By Rev. Noel K. Anderson - May 12 2009
A Pastor friend of mine picks up the phone and is asked if his church allows weddings for non-members. He says yes, in fact they do allow the building to be used for non-members' weddings, but he must meet with the couple first. When the couple-two professional women in their 30s-arrives at the Pastor's office, he struggles to gently and kindly inform them that his denomination will not allow for same-sex ceremonies on church property, and that he would risk losing his ordination were he to perform such a ceremony. The women listen with pained expressions; they feel insulted, rejected, and judged. The Pastor spends the next hour biting his nails wondering whether or not he is liable for discrimination.
Twenty-five years ago, it was difficult to find a family in the congregation who knew a gay couple. Today, it's harder to find a family who does not know at least one. Here in California, Proposition 8 has brought the hot topic of same-sex marriage into every living room, and churches are expected to weigh-in on where and how they intend to act.
I have served the Presbyterian Church (USA) for 25 years as an ordained pastor. The issue of same-sex relationships-specifically, in regard to ordination-has consumed our attention all of that time. Deadlocked in disagreement, we have lost fully half of our population since 1983, and key leaders have projected no solutions for the foreseeable future. The congregation I presently serve is seriously considering re-affiliation with another denomination-one that seems disinterested with sexual politics. But even if such a change is made, California may-as others have-legitimize same-sex marriages. Churches will still have to declare whether or not these marriages will be recognized as marriages, and the conflict will be embodied at new levels.

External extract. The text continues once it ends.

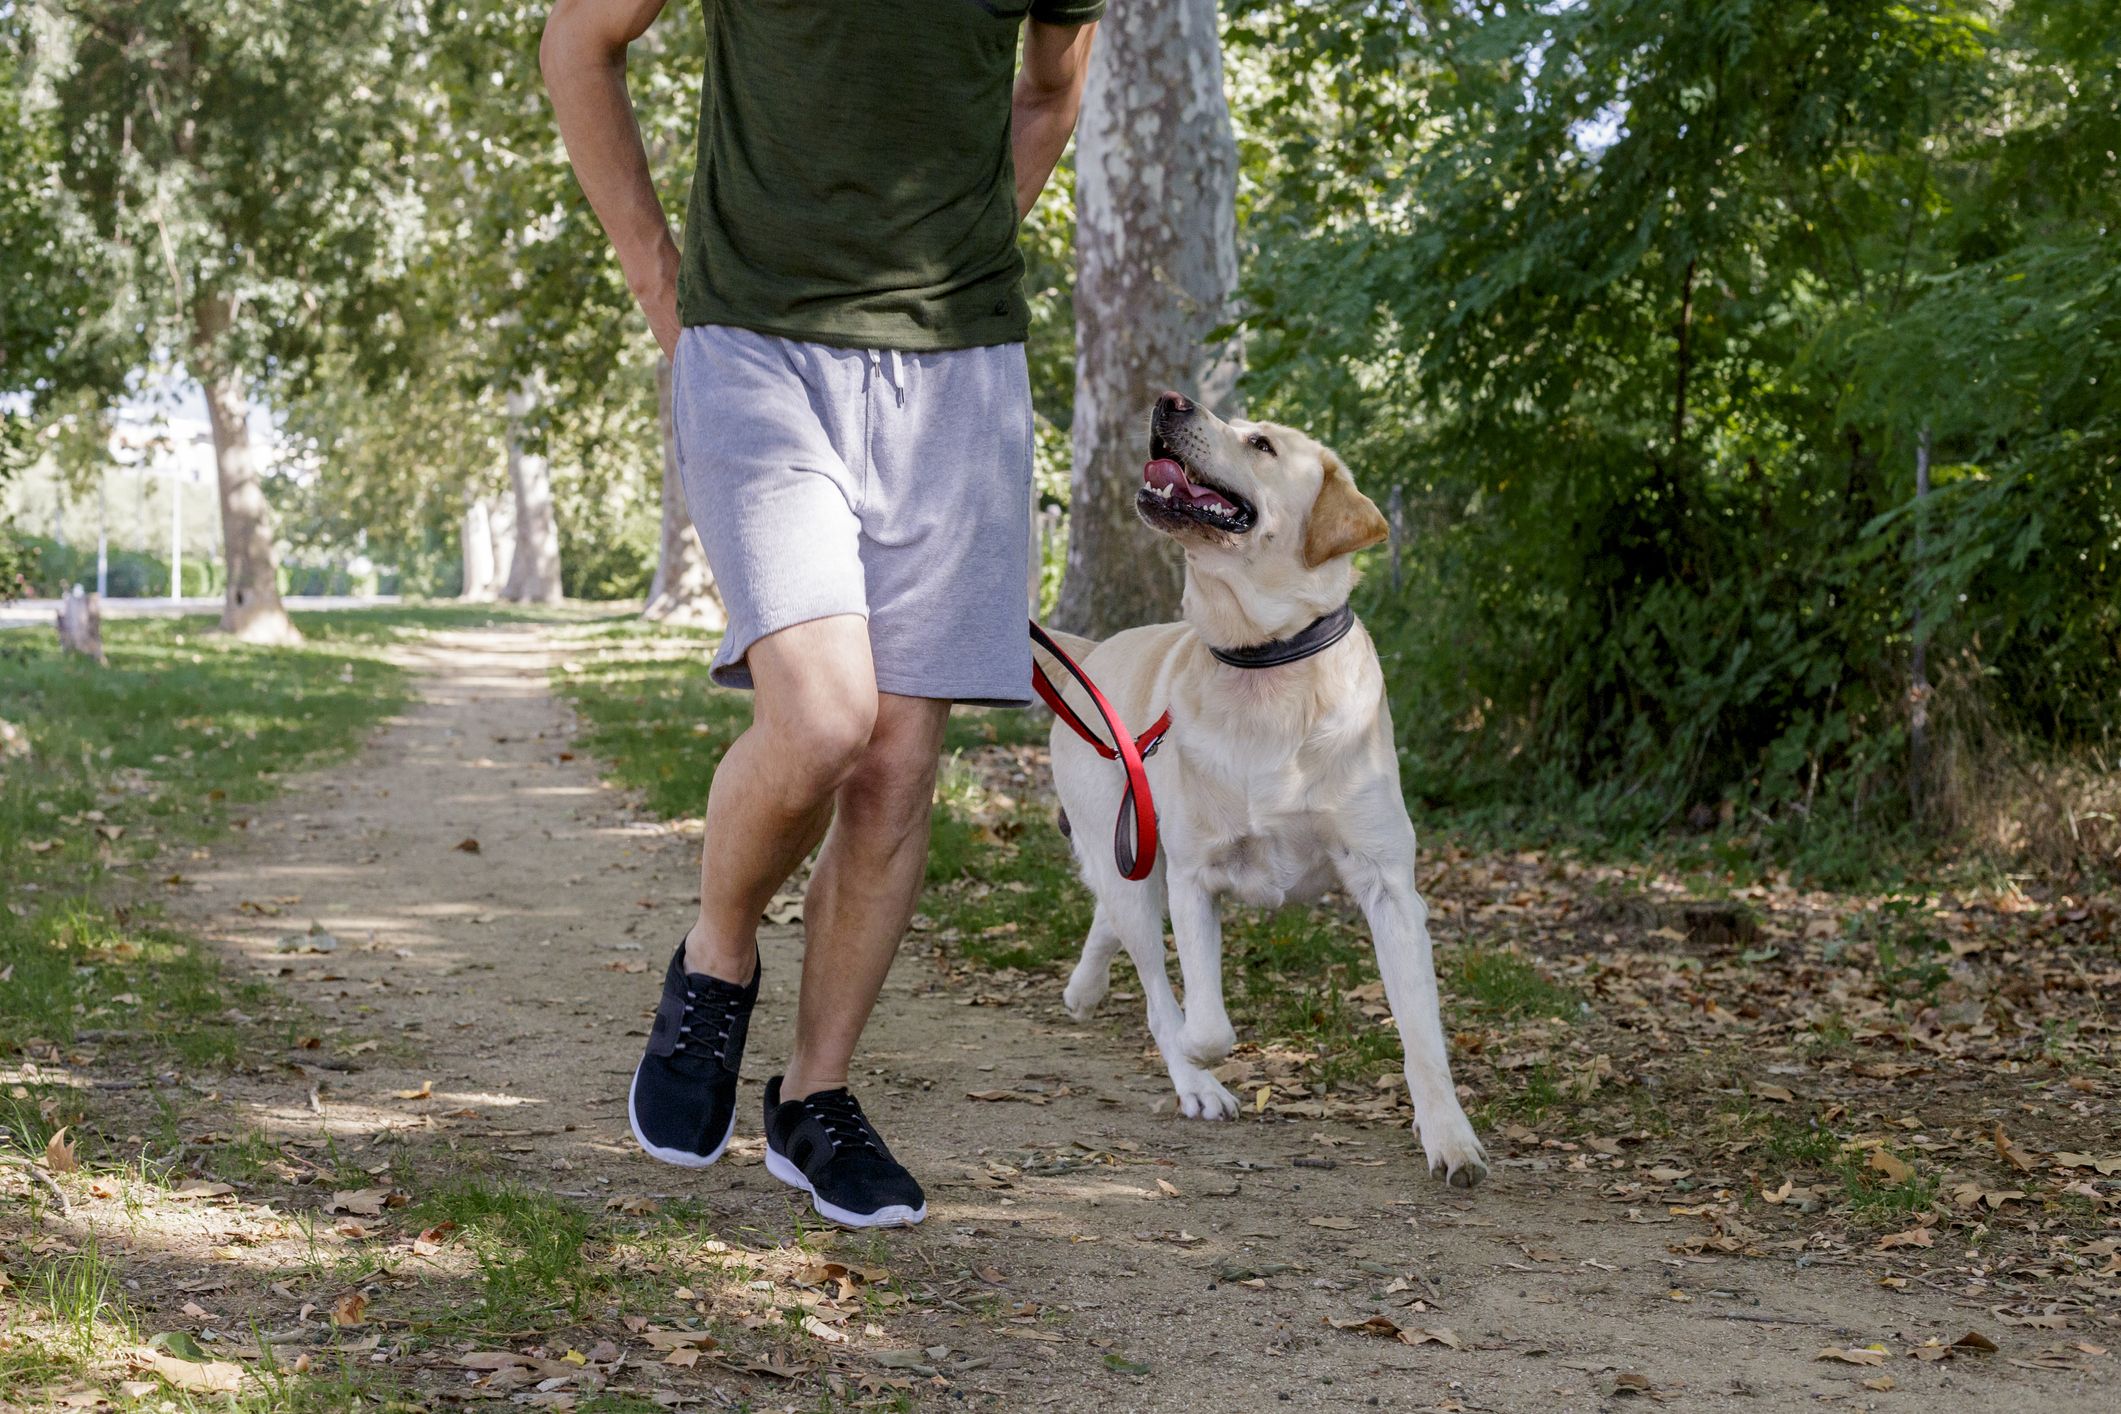 Hardlopen met je hond: 5 redenen dat een goed idee is

Surely all Christians-indeed, all religious people-decry the abuse and systematic belittlement of any people-group. Christians across the board have condemned violence against individuals based upon their sexual orientation, and surely all agree that the love and mercy of Jesus Christ is warranted wherever cruelty or hatred are manifest. Even my most conservative Presbyterian colleagues disdain the abuse of gays, lesbians, bisexual or transgendered people.
But it is questionable whether the refusal to grant unprecedented privileges (such as marriage or ordination) quite constitute abuse. For the Church to allow membership to gays and not ordination has been interpreted by many as relegating them to second class citizenship. Presbyterians-and perhaps protestants in general-are scandalously-divided by same-sex marriage issues, chiefly because they do not agree on what The Bible authoritatively says about homosexuality, nor on how that authority is to be applied to life in 21st century America.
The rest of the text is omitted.